- CCA Paris, 3 septembre 2025, n° 23PA03881 23PA03883 23PA03895
Après l’abandon du retour de l’acétamipride par la loi Duplomb, une nouvelle victoire vient d’être remportée sur le terrain écologique par ceux qui alertent depuis des années sur la dangerosité des produits phytopharmaceutiques. Deux ans après une première condamnation de l’État par le tribunal administratif de Paris, la cour administrative d’appel de Paris confirme, dans l’affaire Justice pour le Vivant, la responsabilité de l’État français pour préjudice écologique lié à l’usage de pesticides.
Saisis par cinq associations de protection de l’environnement, les juges parisiens avaient déjà reconnu, le 29 juin 2023, l’existence d’un préjudice écologique consécutif à l’emploi massif de produits phytopharmaceutiques. Ils avaient en outre jugé ce préjudice imputable à des fautes de l’État, notamment au non-respect des plans Ecophyto visant à réduire de 50 % l’usage des pesticides à l’horizon 2030.
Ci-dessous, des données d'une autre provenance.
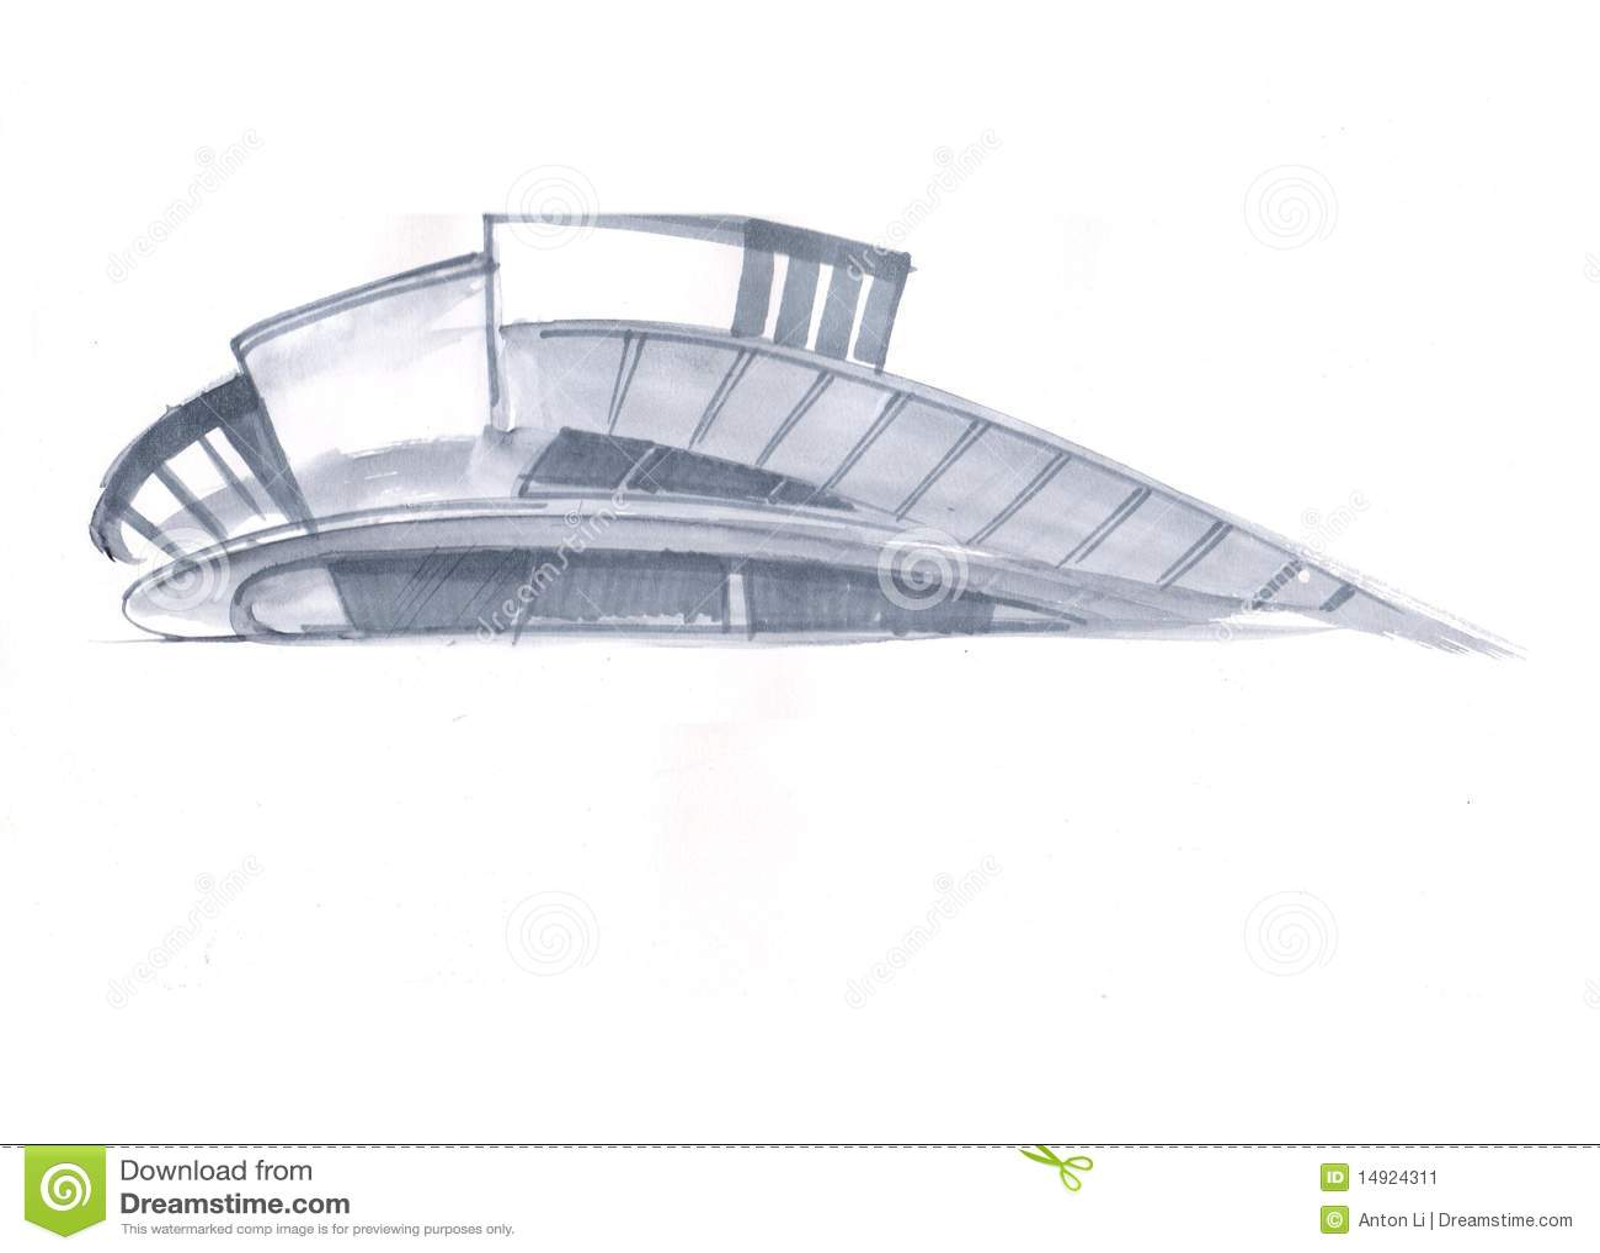 modernes haus stock abbildung bild von auszug gezeichnet

Saisie de plusieurs appels, la Cour commence par confirmer la recevabilité de l’action. Elle précise que les articles 1246 à 1248 du Code civil, qui organisent l’action en réparation du préjudice écologique, peuvent être invoqués devant le juge administratif contre l’État, même si les textes ne le prévoient pas expressément.
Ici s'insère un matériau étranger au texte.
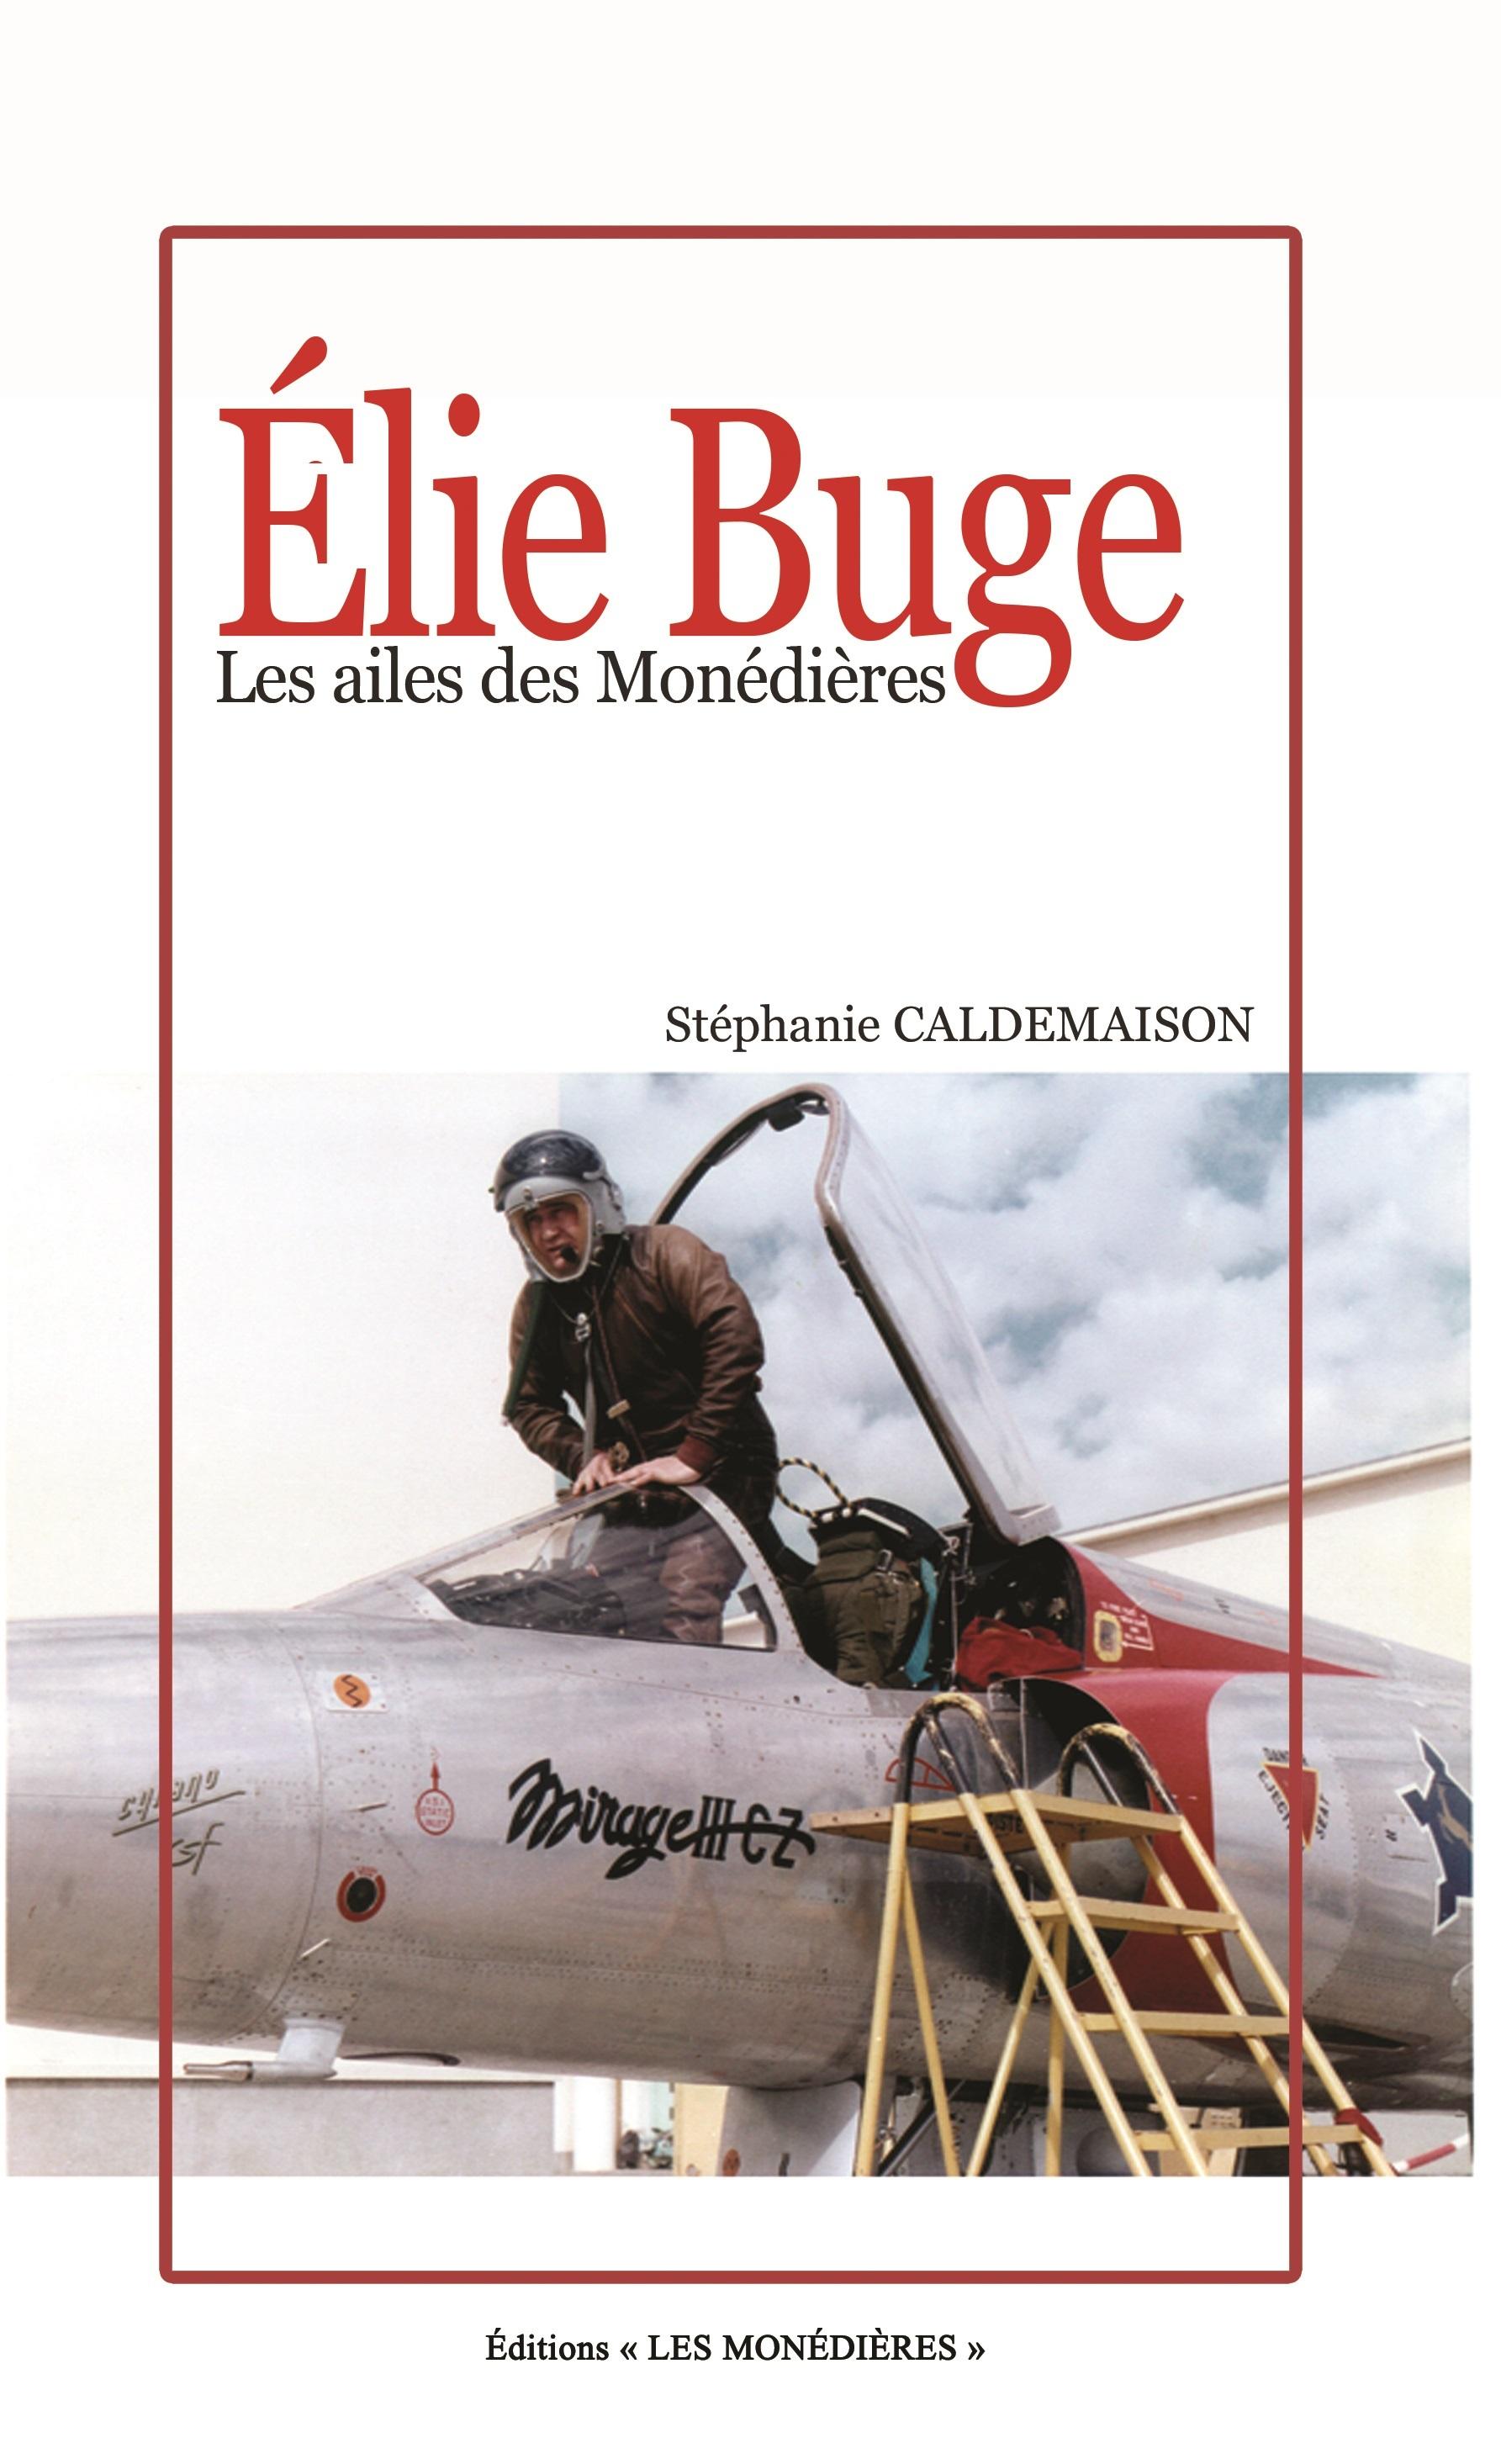 ELIE BUGE, LES AILES DES MONEDIERES

Sur le fond, la Cour confirme également l’existence d’un préjudice écologique. Elle relève que l’utilisation massive des pesticides est à l’origine d’une contamination diffuse, chronique et durable des sols et des eaux, du déclin de la biodiversité et de la biomasse (notamment des pollinisateurs et des oiseaux) et d’une atteinte aux bénéfices collectifs tirés de l’environnement. Elle déplace en revanche le raisonnement sur la faute. Contrairement au tribunal administratif, elle juge que l’État n’a pas commis de faute en ne respectant pas les objectifs chiffrés des plans Ecophyto car ces derniers sont dépourvus de valeur contraignante. En revanche, l’ANSES, chargée de l’évaluation des produits, aurait dû s’appuyer sur le dernier état des connaissances scientifiques. En ne recourant pas systématiquement aux données les plus récentes, l’agence a manqué à l’obligation d’évaluation rigoureuse que lui impose le droit de l’Union. Quant au lien de causalité, la Cour reconnaît que ces insuffisances ne sont pas, à elles seules, à l’origine du préjudice écologique, qui résulte de facteurs multiples, mais elle estime qu’elles ont nécessairement contribué à son aggravation. En conséquence, la Cour ordonne à l’État de revoir ses méthodes d’évaluation des risques et de réexaminer, dans un délai de vingt-quatre mois, certaines autorisations de mise sur le marché délivrées sans prise en compte des données scientifiques les plus récentes. L’État devra, en outre, communiquer à la Cour, dans un délai de six mois, un calendrier prévisionnel de ce réexamen.
Si l’arrêt marque un progrès notable en imposant une évaluation des risques sanitaires et environnementaux fondée sur les connaissances scientifiques les plus actuelles, la portée de la décision ne doit toutefois pas être surestimée. En effet, la Cour d’appel a partiellement annulé le jugement du tribunal administratif, en tant « qu’il a enjoint à la Première ministre et aux ministres compétents de prendre toutes les mesures utiles de nature à réparer le préjudice écologique et prévenir l’aggravation des dommages en rétablissant la cohérence du rythme de diminution de l’utilisation des produits phytosanitaires avec la trajectoire prévue par les plans Ecophyto et en prenant toutes mesures utiles en vue de restaurer et protéger les eaux souterraines contre les incidences des produits phytopharmaceutiques ». Cela signifie que même reconnue fautive, l’autorité politique échappe à toute obligation d’action immédiate, ce qui limite considérablement la portée pratique de cette décision.